# Escape velocity and kinetic energy of the Earth

• Alexander350
In summary: If you have two masses of a similar relative size, then you have a different equation for the gravitational potential of the system. You might like to derive it as a useful exercise.
Alexander350
If you had two masses, $m_{1}$ and $m_{2}$, and you released them in space infinitely far apart, their kinetic energies would satisfy $\frac{1}{2}m_{1}v_{1}^2+\frac{1}{2}m_{2}v_{2}^2=\frac{Gm_{1}m_{2}}{r}$ if they met with a distance r between their centres of mass. This equation therefore tells you the velocities needed for the two bodies to escape the gravitational pull of each other, i.e. the escape velocities. So, why does the formula for the escape velocity of an object on Earth only include the kinetic energy of the object, and not the Earth itself? Is the kinetic energy of the Earth just negligibly small (because the conservation of momentum means its velocity is pretty much zero) and can therefore be ignored? Would it only be necessary if the two objects had similar mass?

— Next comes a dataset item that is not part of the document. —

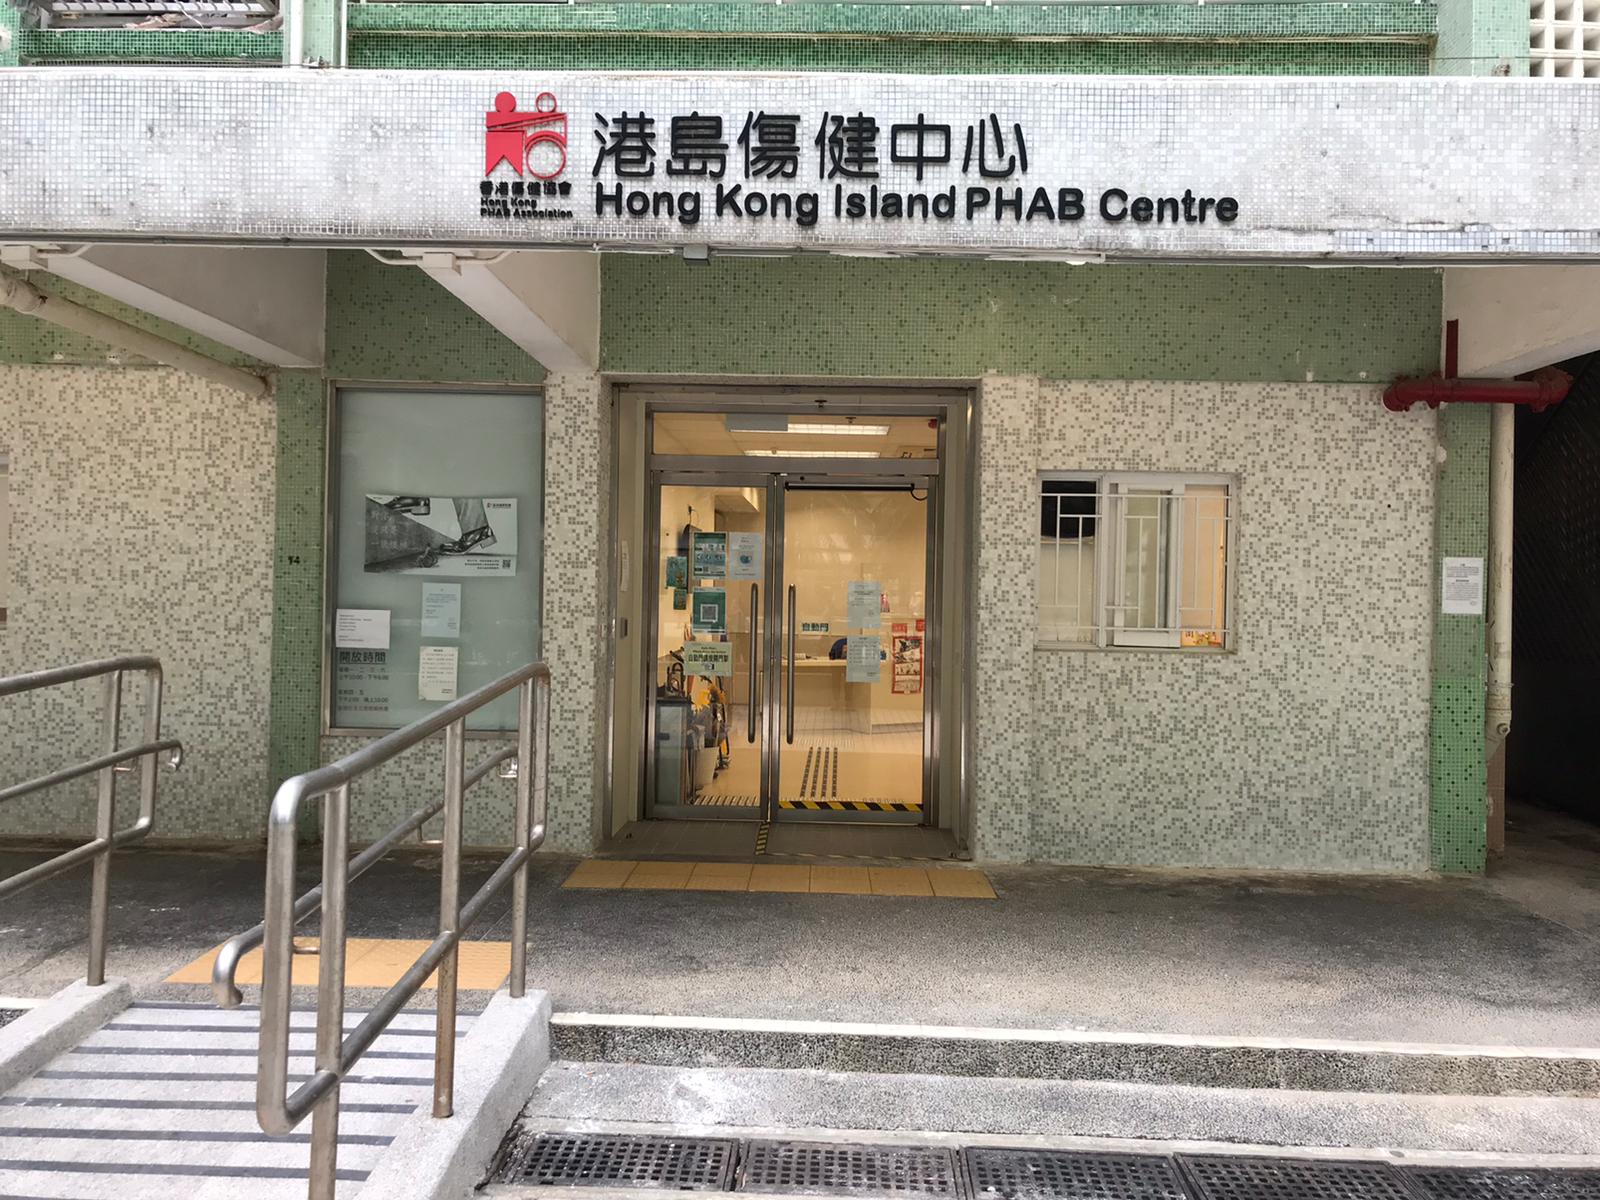 Hong Kong Island PHAB Centre

The equation you are used to for the gravitational potential assumes a small mass and a large mass, where the large mass is assumed not to move. If you have two masses of a similar relative size, then you have a different equation for the gravitational potential of the system. You might like to derive it as a useful exercise.

Alexander350
Alexander350 said:
Is the kinetic energy of the Earth just negligibly small (because the conservation of momentum means its velocity is pretty much zero) and can therefore be ignored?
The momentum is proportional to the velocity but the KE is proportional to the velocity squared. So the sharing of the available energy into the KE of each object is proportional to the square of the ratio of the velocities and inversely with the ratio of the masses. Velocity wins.

Alexander350
PeroK said:
The equation you are used to for the gravitational potential assumes a small mass and a large mass, where the large mass is assumed not to move. If you have two masses of a similar relative size, then you have a different equation for the gravitational potential of the system. You might like to derive it as a useful exercise.
I have been thinking about this for a while and am still not sure how to derive it. The problem is that both the objects move different distances, so how can you calculate the work done on them?

Alexander350 said:
I have been thinking about this for a while and am still not sure how to derive it. The problem is that both the objects move different distances, so how can you calculate the work done on them?

Look at how the force acts over a small distance. Don't forget conservation of momentum, which relates the velocities of the two masses.

PeroK said:
Look at how the force acts over a small distance. Don't forget conservation of momentum, which relates the velocities of the two masses.
Even trying to use conservation of momentum, I always end up with the kinetic energy of one of the masses equalling the potential energy of the system. This cannot be right as then there would be twice as much energy as there actually is. How do I set up the equations as I am obviously approaching it wrong.

Alexander350 said:
Even trying to use conservation of momentum, I always end up with the kinetic energy of one of the masses equalling the potential energy of the system. This cannot be right as then there would be twice as much energy as there actually is. How do I set up the equations as I am obviously approaching it wrong.

If you want to work this out yourself you should post it as homework and show your working.

Otherwise you could look up "reduced mass".

Alexander350

## 1. What is escape velocity?

Escape velocity is the minimum speed at which an object needs to travel to break free from the gravitational pull of a planet or other celestial body. For Earth, the escape velocity is about 11.2 kilometers per second.

## 2. How is escape velocity calculated?

The formula for calculating escape velocity is given by v = √((2GM)/r), where v is the escape velocity, G is the gravitational constant, M is the mass of the planet, and r is the distance from the center of the planet to the object. For Earth, the mass (M) is 5.97 x 10^24 kilograms and the radius (r) is 6,371 kilometers.

## 3. What is the kinetic energy of Earth?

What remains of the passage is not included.